OK. Watched the new movie. It is better than the incredibly bad old episodes, but that isn’t saying too much. Jason Lee, you see, is a struggling, go-nowhere musician and songwriter, who is still somehow able to own a big, wonderful house in the suburbs. The chipmunks, Alvin Simon and Theodore, through a series of bizarre occurences, end up in his house. These chipmunks are kind of like a girl, who comes to your house on the first date, and within three hours believes she has moved in there, and that she is your girlfriend, and then never leaves because if she did you might change your locks. They take over the house, and when he lets them stay, they immediately start calling themselves a “family”, which understandably freaks him out. Why does Jason Lee keep taking these roles? He does My Name Is Earl, and he was great in all of those Kevin Smith movies, but now he’s doing this, and Underdog. Maybe it’s that these roles require almost not acting at all, and he certainly doesn’t look as though he’s trying here.

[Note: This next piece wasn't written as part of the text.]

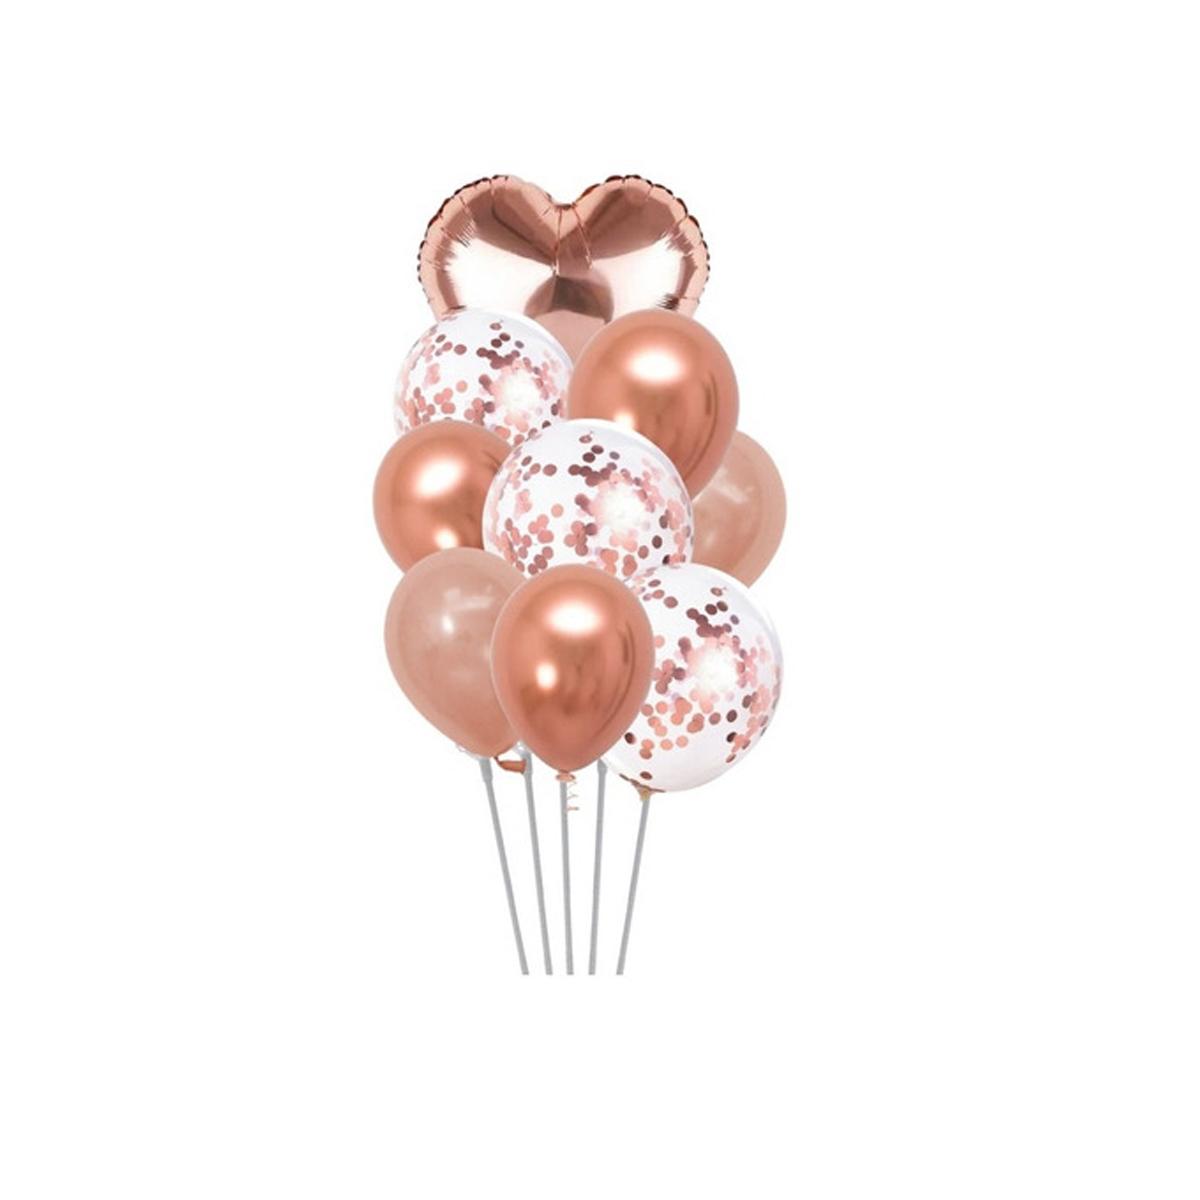 Kit Buque Balão Metalizado Látex Confete Coração C/9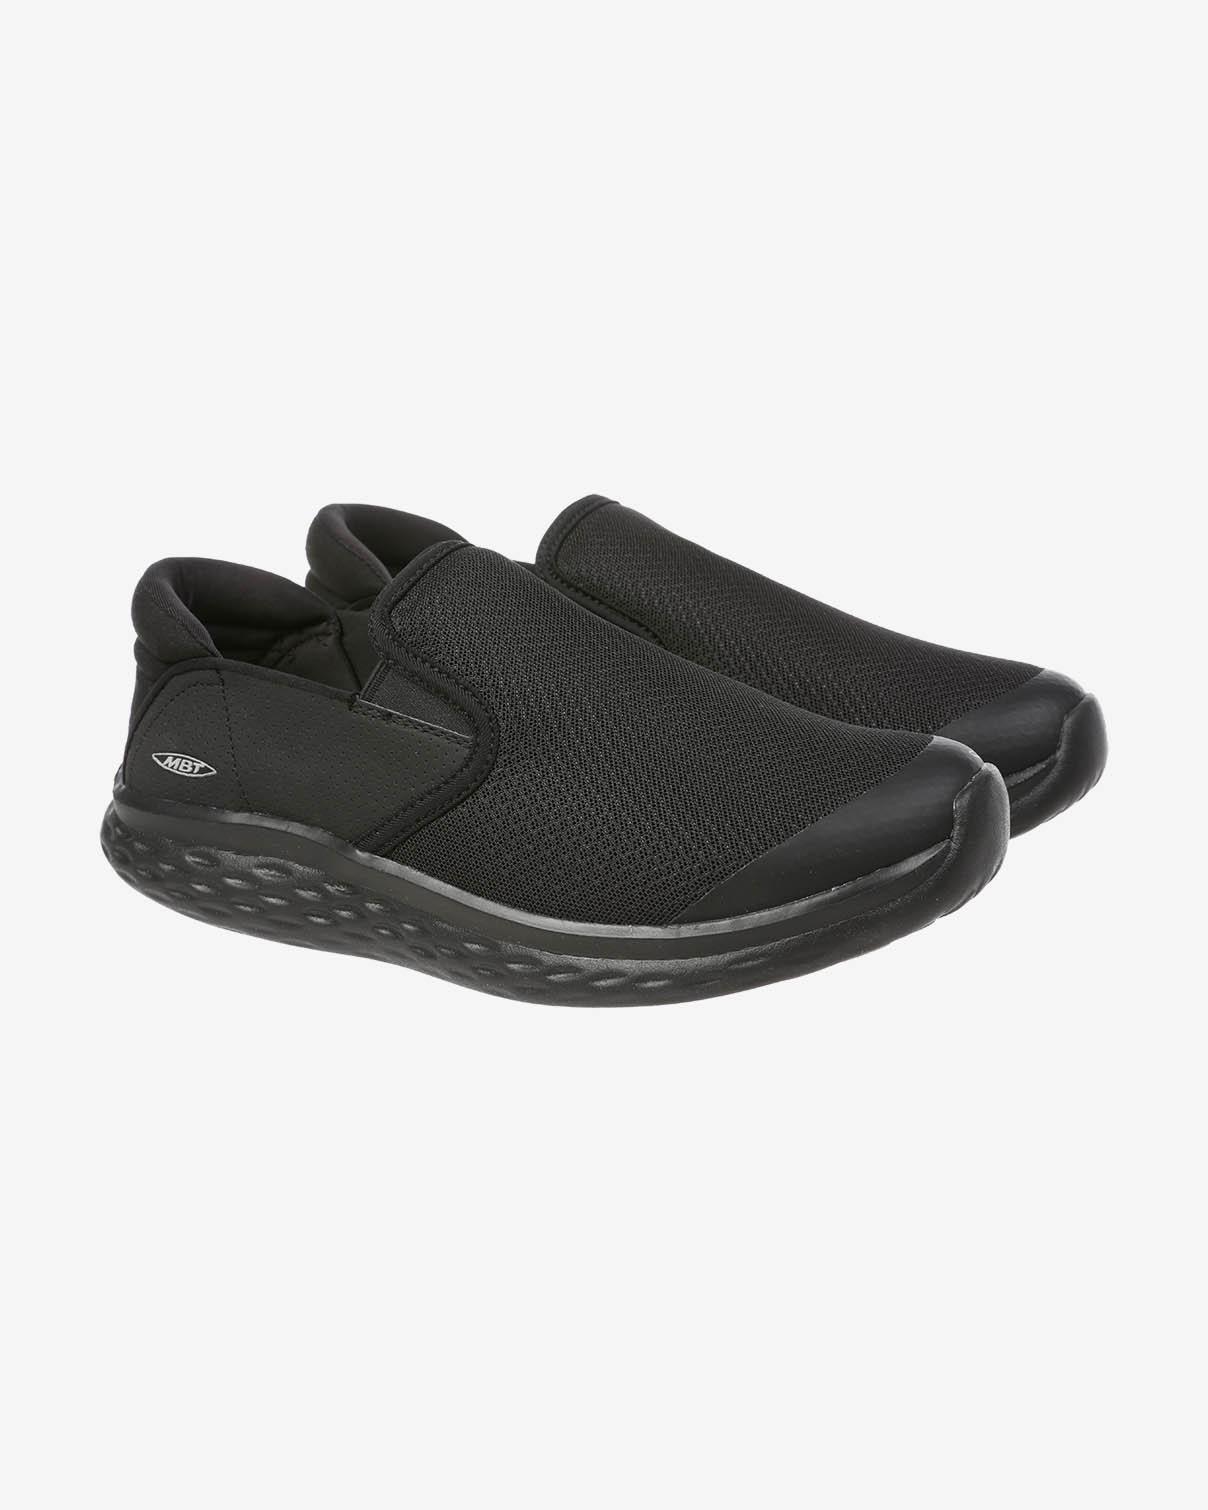 נעלי נוחות אם בי טי נשים גברים MBT MODENA Slipon

And what’s with cartoon characters not wearing pants? They’re freaky because they’re naked, decides their producer, David Cross. So…they get SHIRTS knitted. They are still pantsless! Cross does add a nice touch to this movie, which is pretty well a by-the numbers kids’ film. It even has that requisite scene where someone gives the chipmunks - oh my go - COFFEE! And they go NUTS, bouncing off the walls…this is the most cliched and obnoxious scene in all kids movies now. It should be banned altogether. The best thing about the movie over the episodes is that you can understand what the chipmunks are saying without straining yourself. Except during the songs. Which are as awful as ever. Generic, mindless kids’ entertainment, but at least some people are trying a little bit. More than I can say for most kids’ movies, this gets a five.